Artist: Broken Hands for Brilliant Minds
Album: Remember the Past, Respect the Future
Label: Odd Halo
Tracks: 6
Length: 01:10:31
Review by: Mike “Chainsaw” Leech
The music of Broken Hands for Brilliant Minds is a kind that's very useful in sleep assistance and little else. Clocking in at well over an hour with only six tracks to its name, you can probably already guess what to expect from this album. Songs that are abnormally prolonged, purposefully simplistic and, if you actually try to pay attention, pretty monotonous. But this music wasn’t intended to be exciting or catchy, right? This is “mood” music. The kind not to be enjoyed while operating heavy machinery. It’s kinda like Sigur Ros mixed with Brian Eno’s early solo work, played on a Walkman with dangerously low batteries.

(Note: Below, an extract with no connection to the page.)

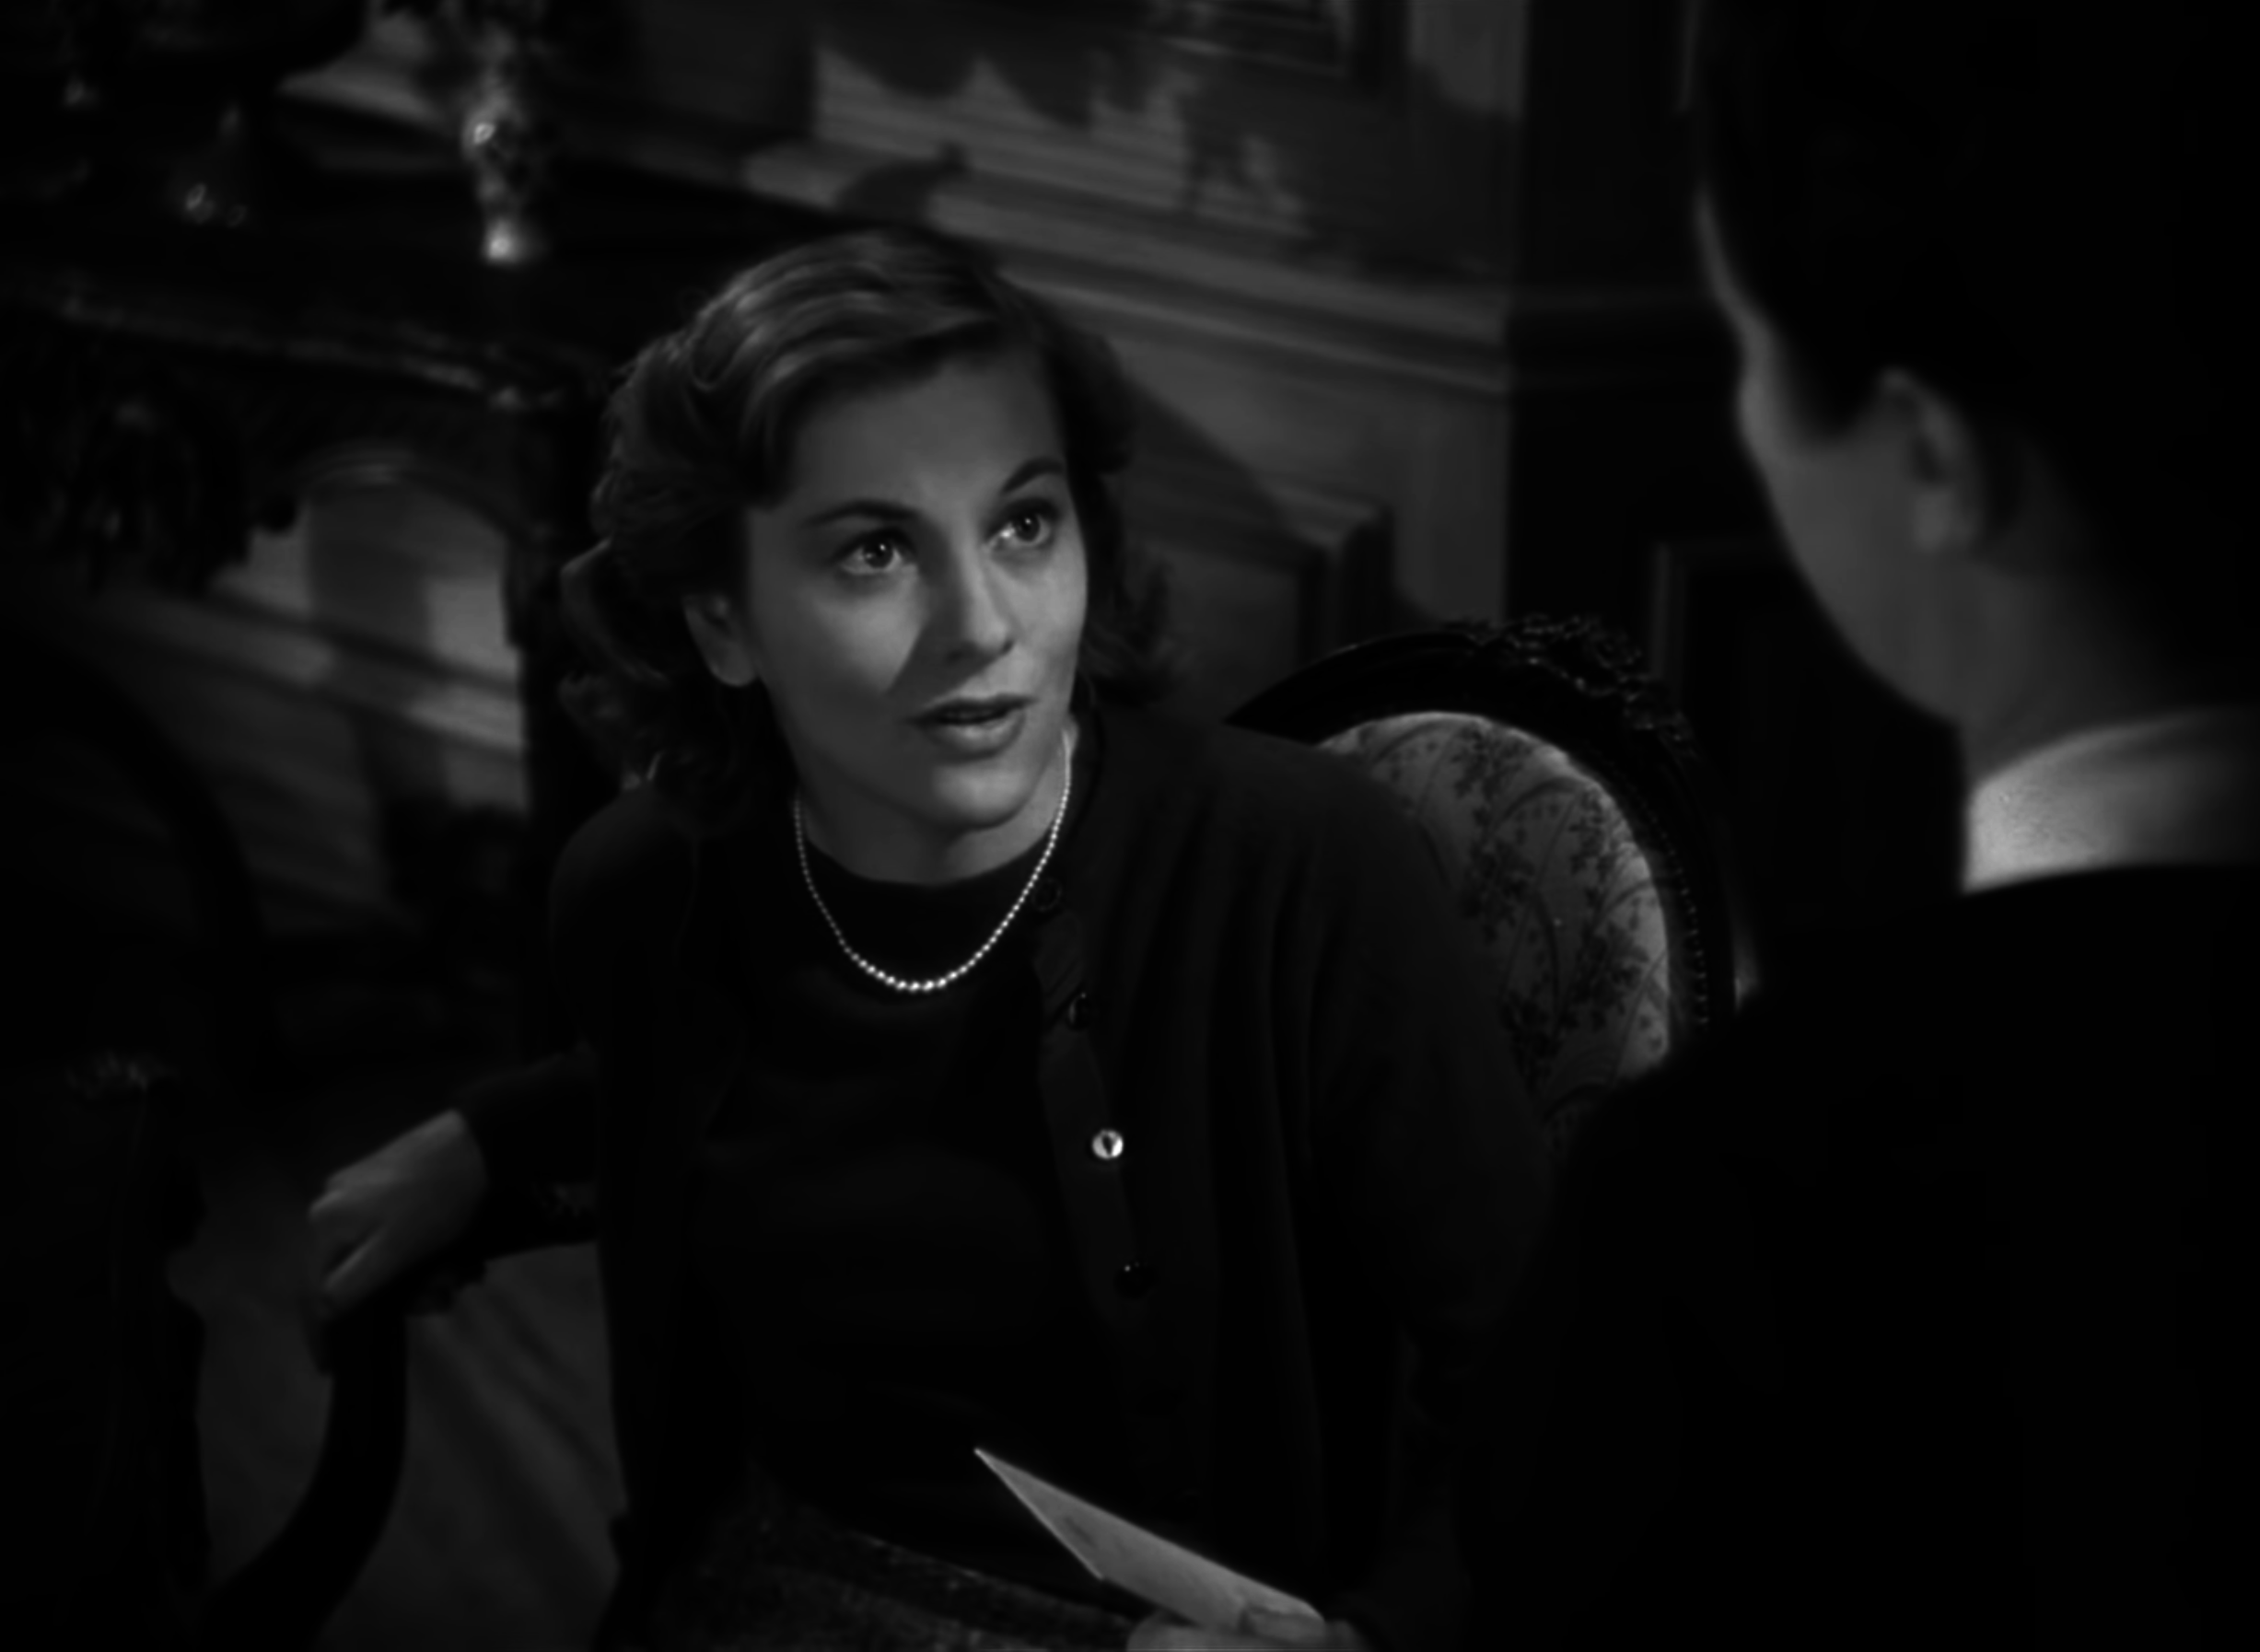 A young Joan Fontaine as Mrs de Winter sitting in a chair looks up at another woman standing over her, whose face we can&#x27;t see
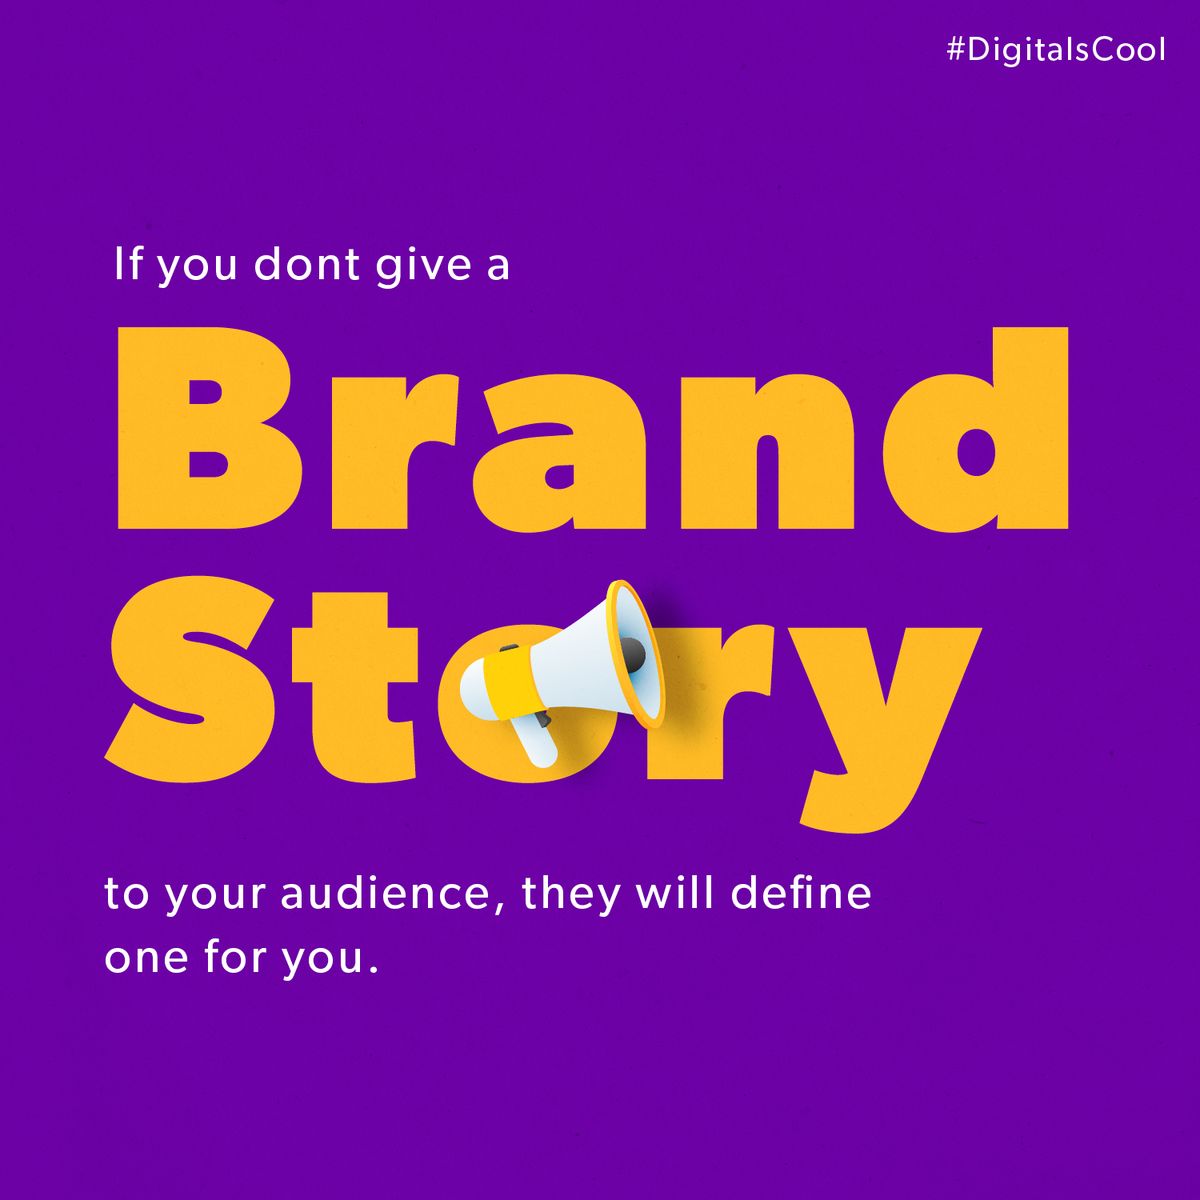 You need to craft your brand story in your market. This is how your customers will perceive you. For more tips on brand building, call us today. #digitalmarketingagency #digitalmarketingcourse #brandbuildingtips #skillzlearn #digitalscool

The songs are built on textures, not melody, and on sprawling atmospheres in place of rhythm. The overall tone is dark and claustrophobic, sounding almost as if its haunting synthesizers had been recorded underwater. Nearly all of the tracks are nothing more than synth meanderings in desperate need of accompaniment, though “Above the Horizon“ contains some hushed, distorted vocals and percussion, and supposedly there‘s some guitar on the record somewhere, but I couldn‘t find it. Basically, if you’re not into the ambient thing then you’ll probably find this album a little too boring. Then again, even if you are into the ambient thing there’s a good chance you'll feel the same way.